**The data**.
# # # #

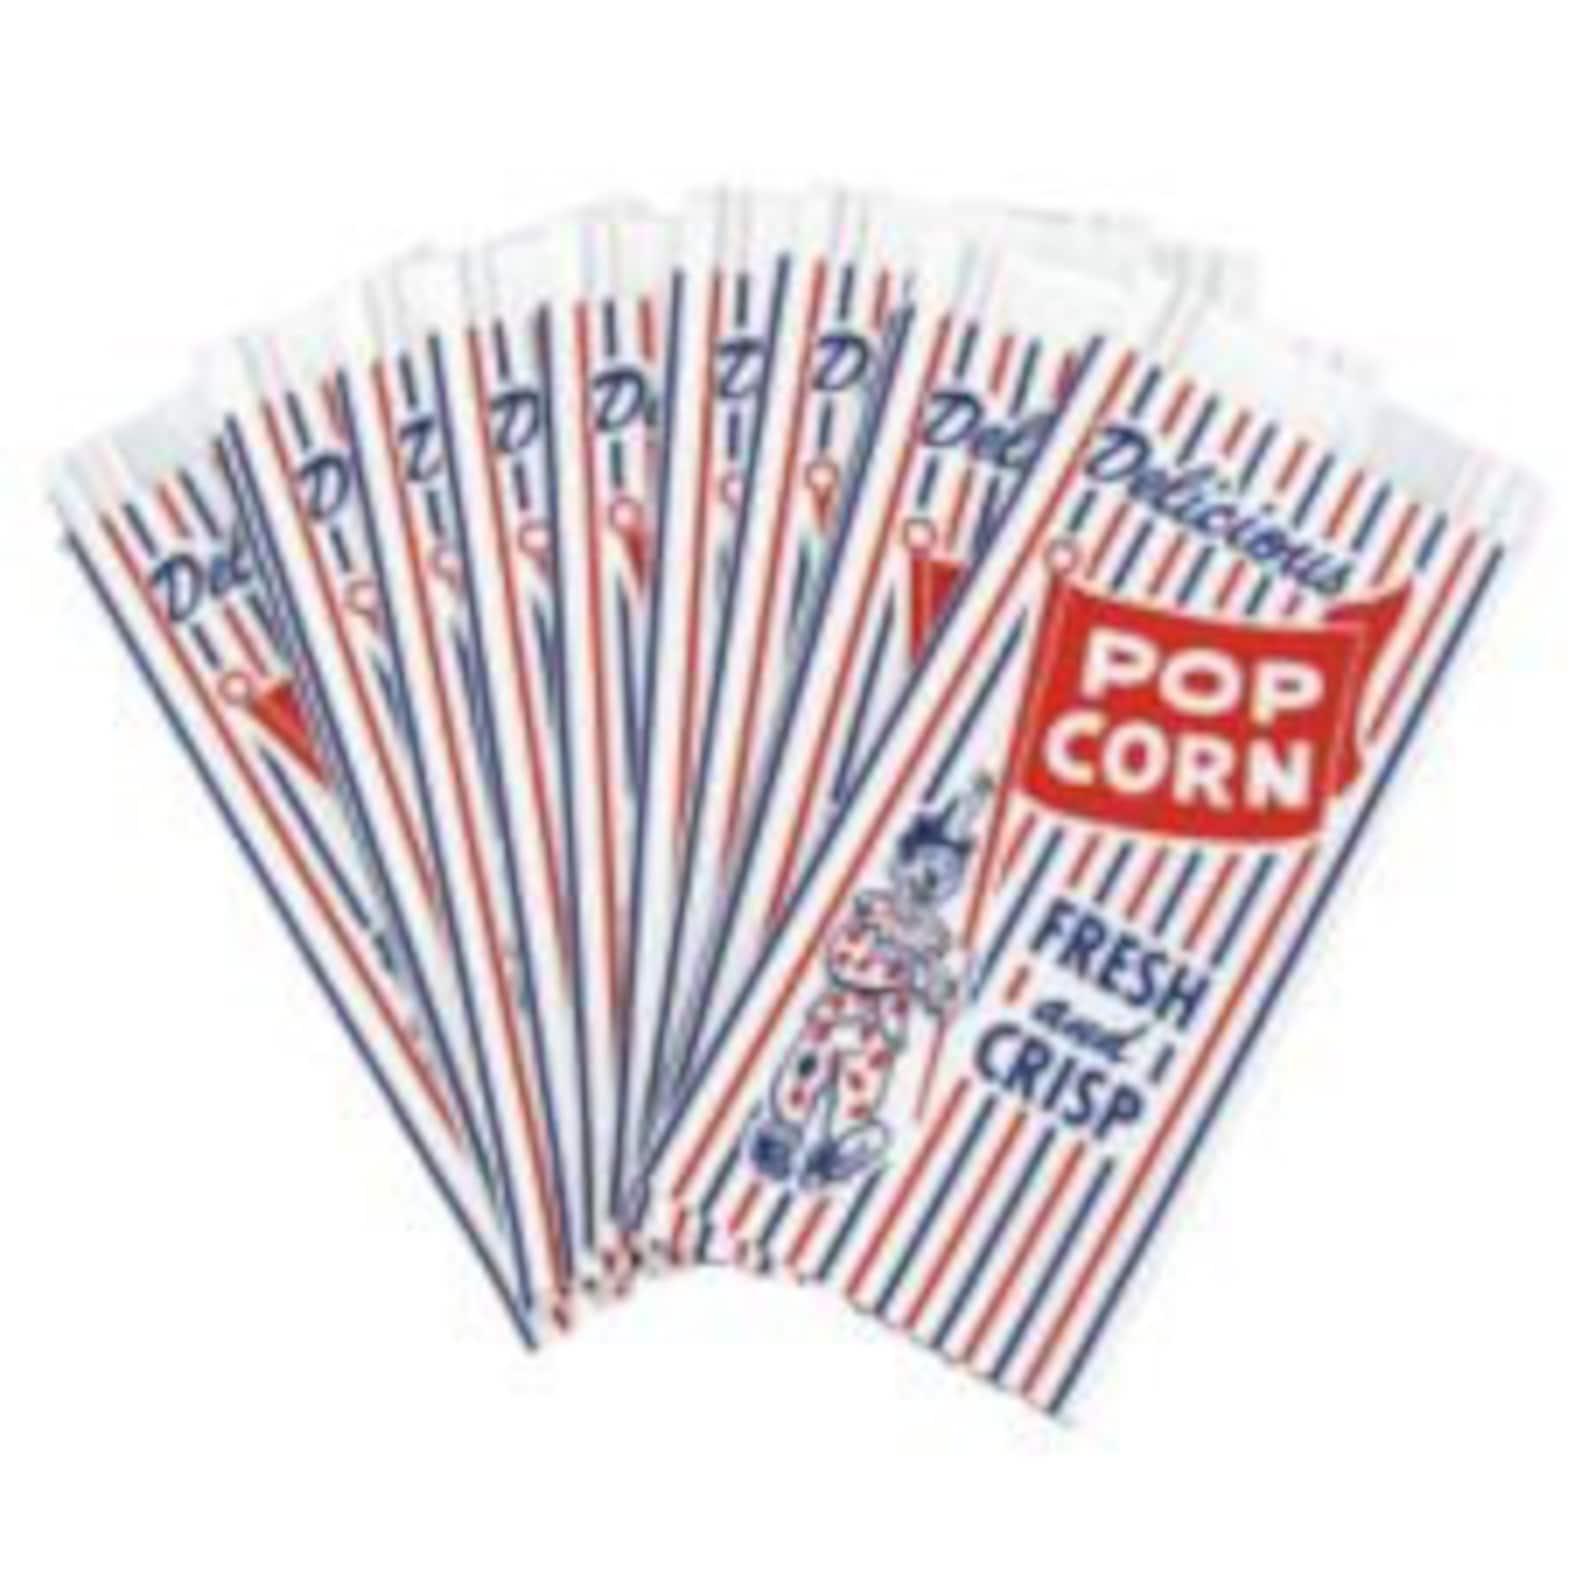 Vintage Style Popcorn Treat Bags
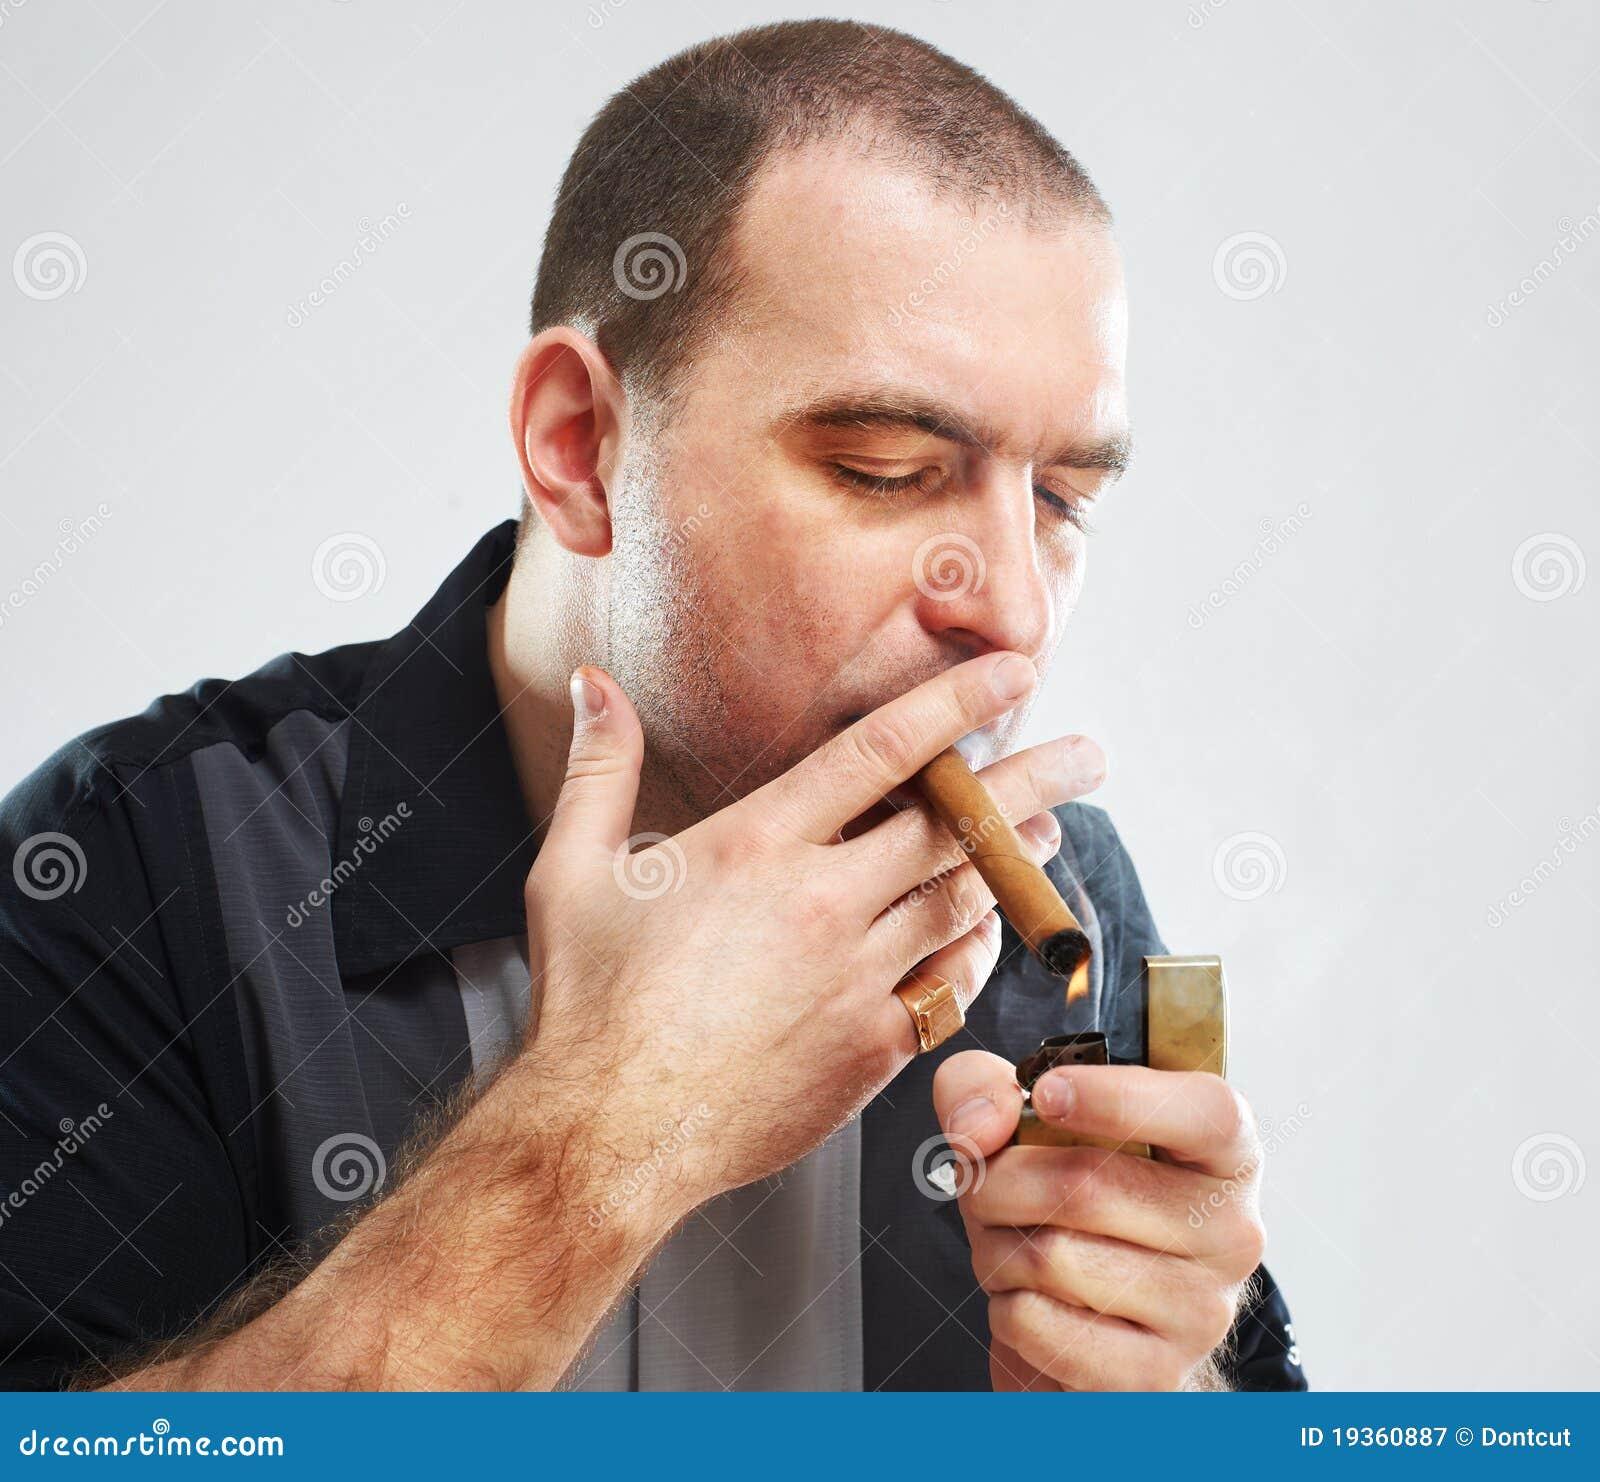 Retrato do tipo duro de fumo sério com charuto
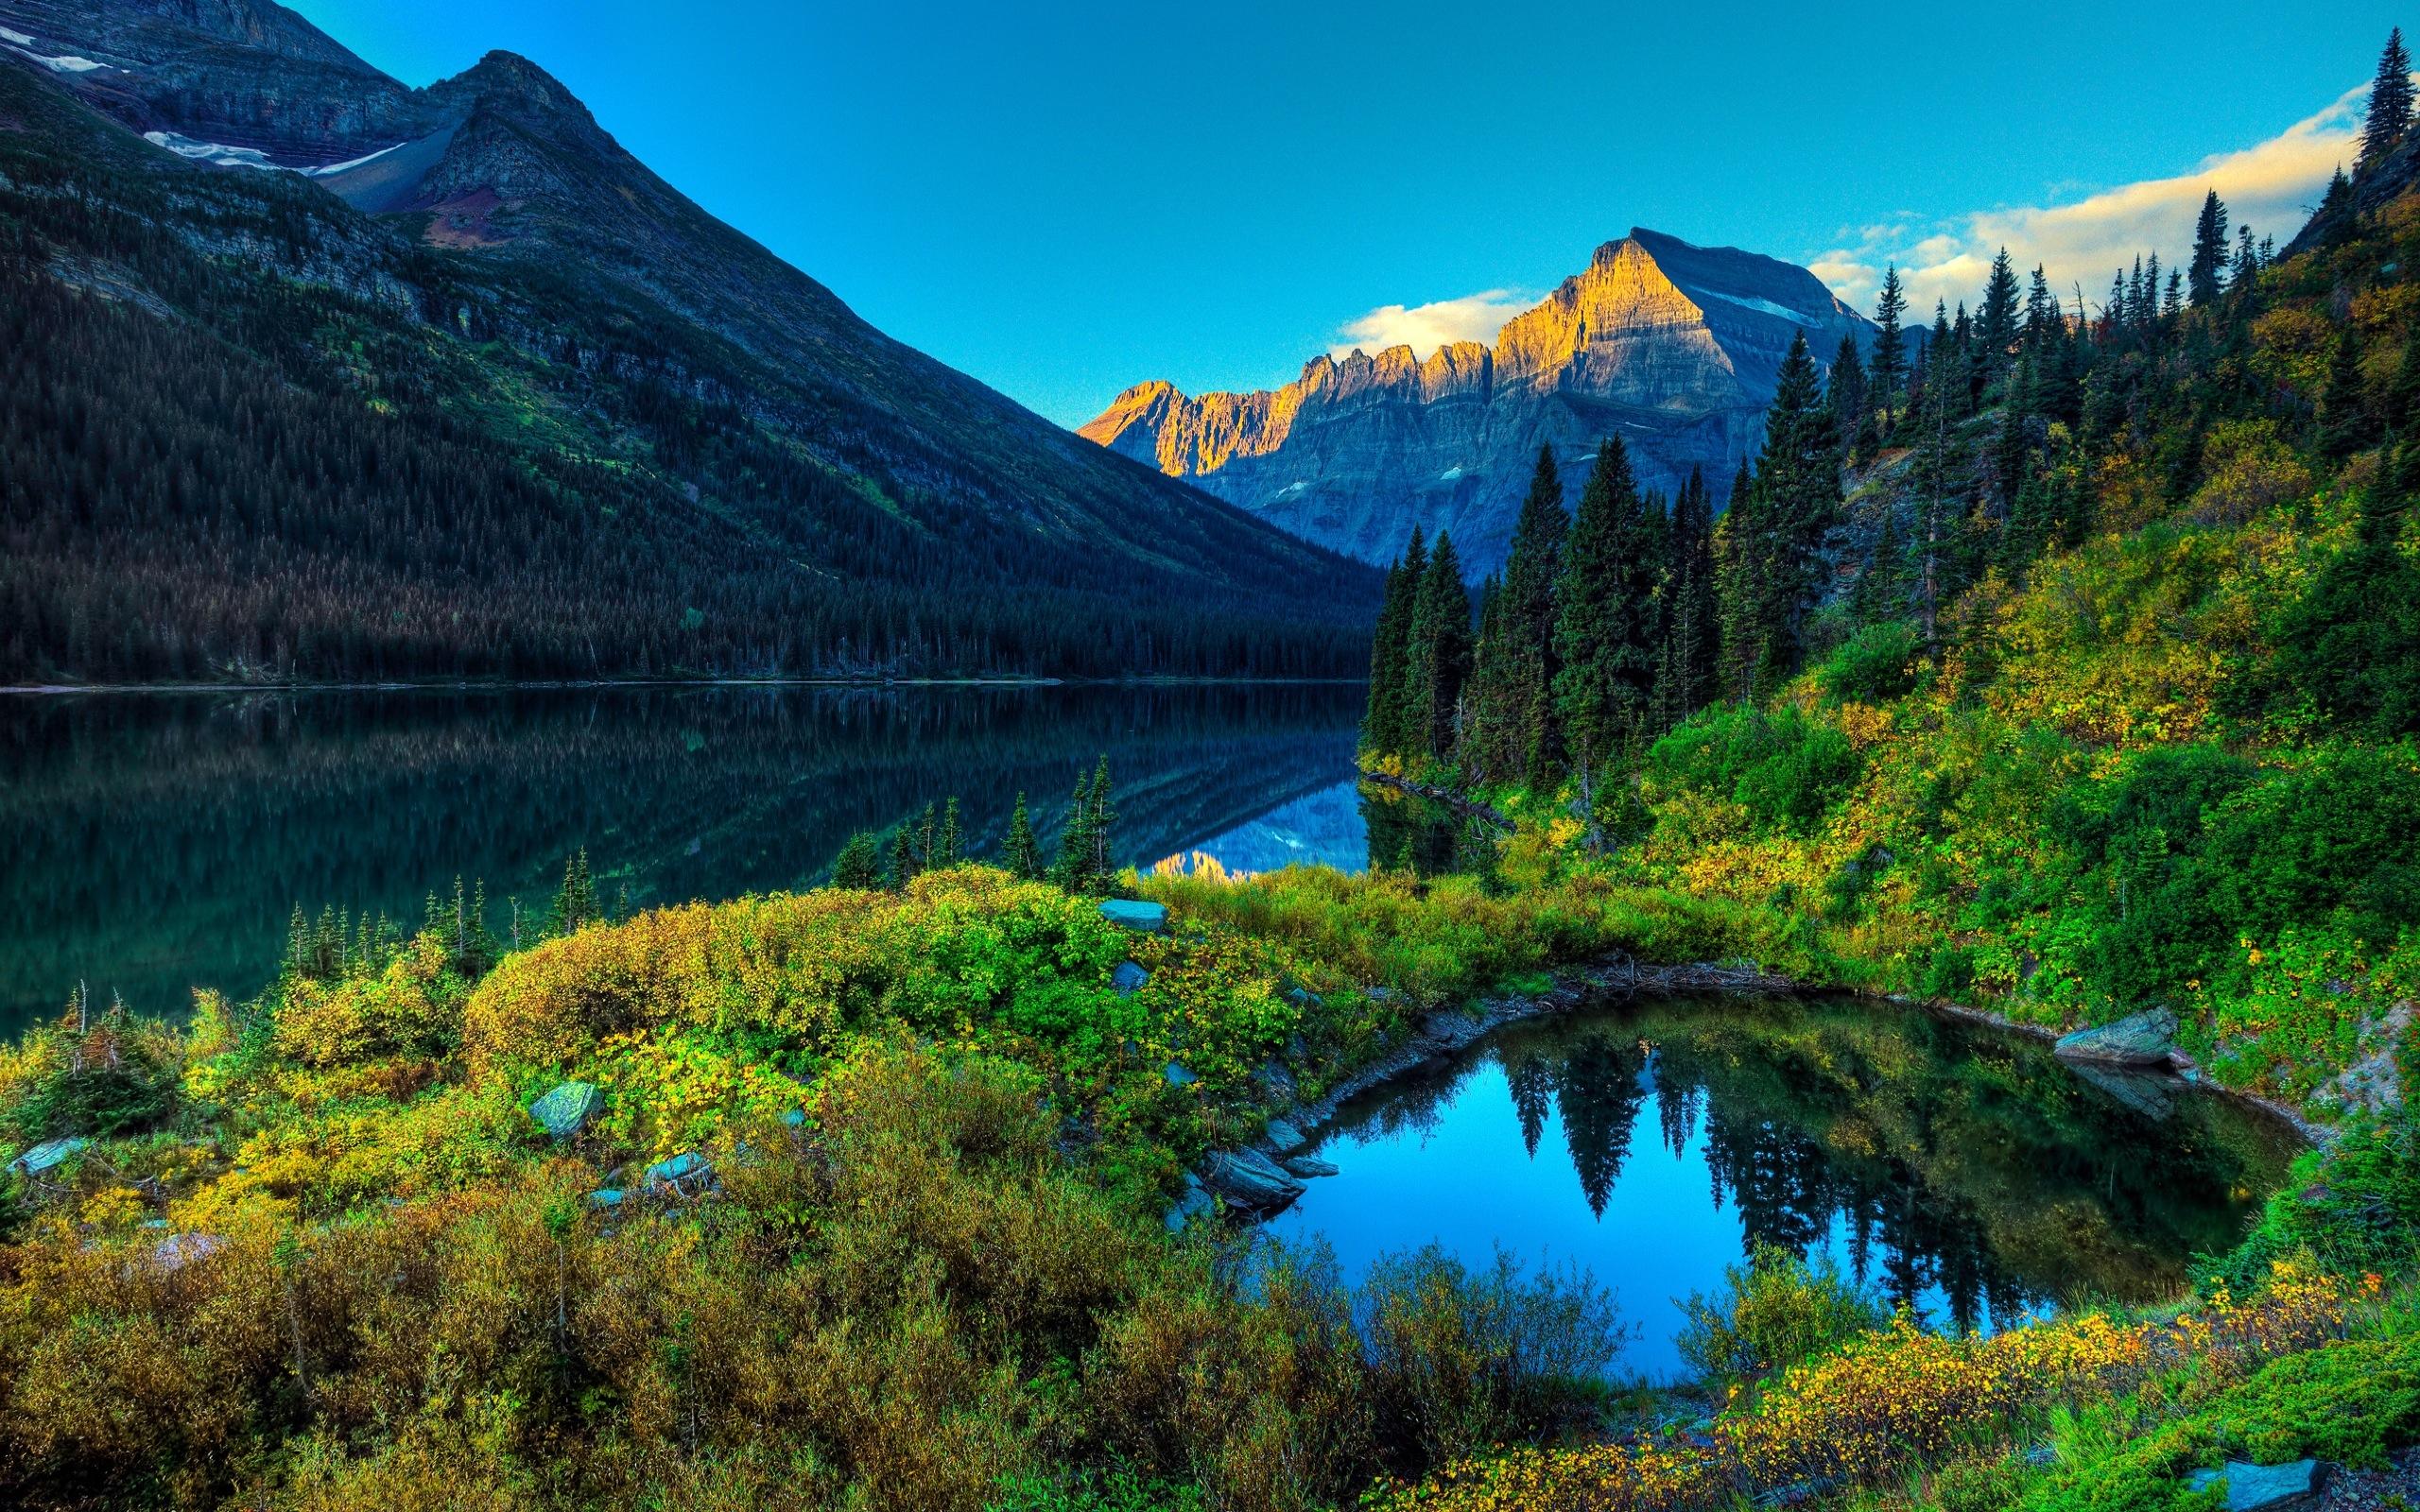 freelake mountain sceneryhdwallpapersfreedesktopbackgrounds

# # # #

Skip the pictures. Please copy exactly the lines from the one with "Retrato do tipo" through the final line of the material above, both ends included.

 Retrato do tipo duro de fumo sério com charuto
 freelake mountain sceneryhdwallpapersfreedesktopbackgrounds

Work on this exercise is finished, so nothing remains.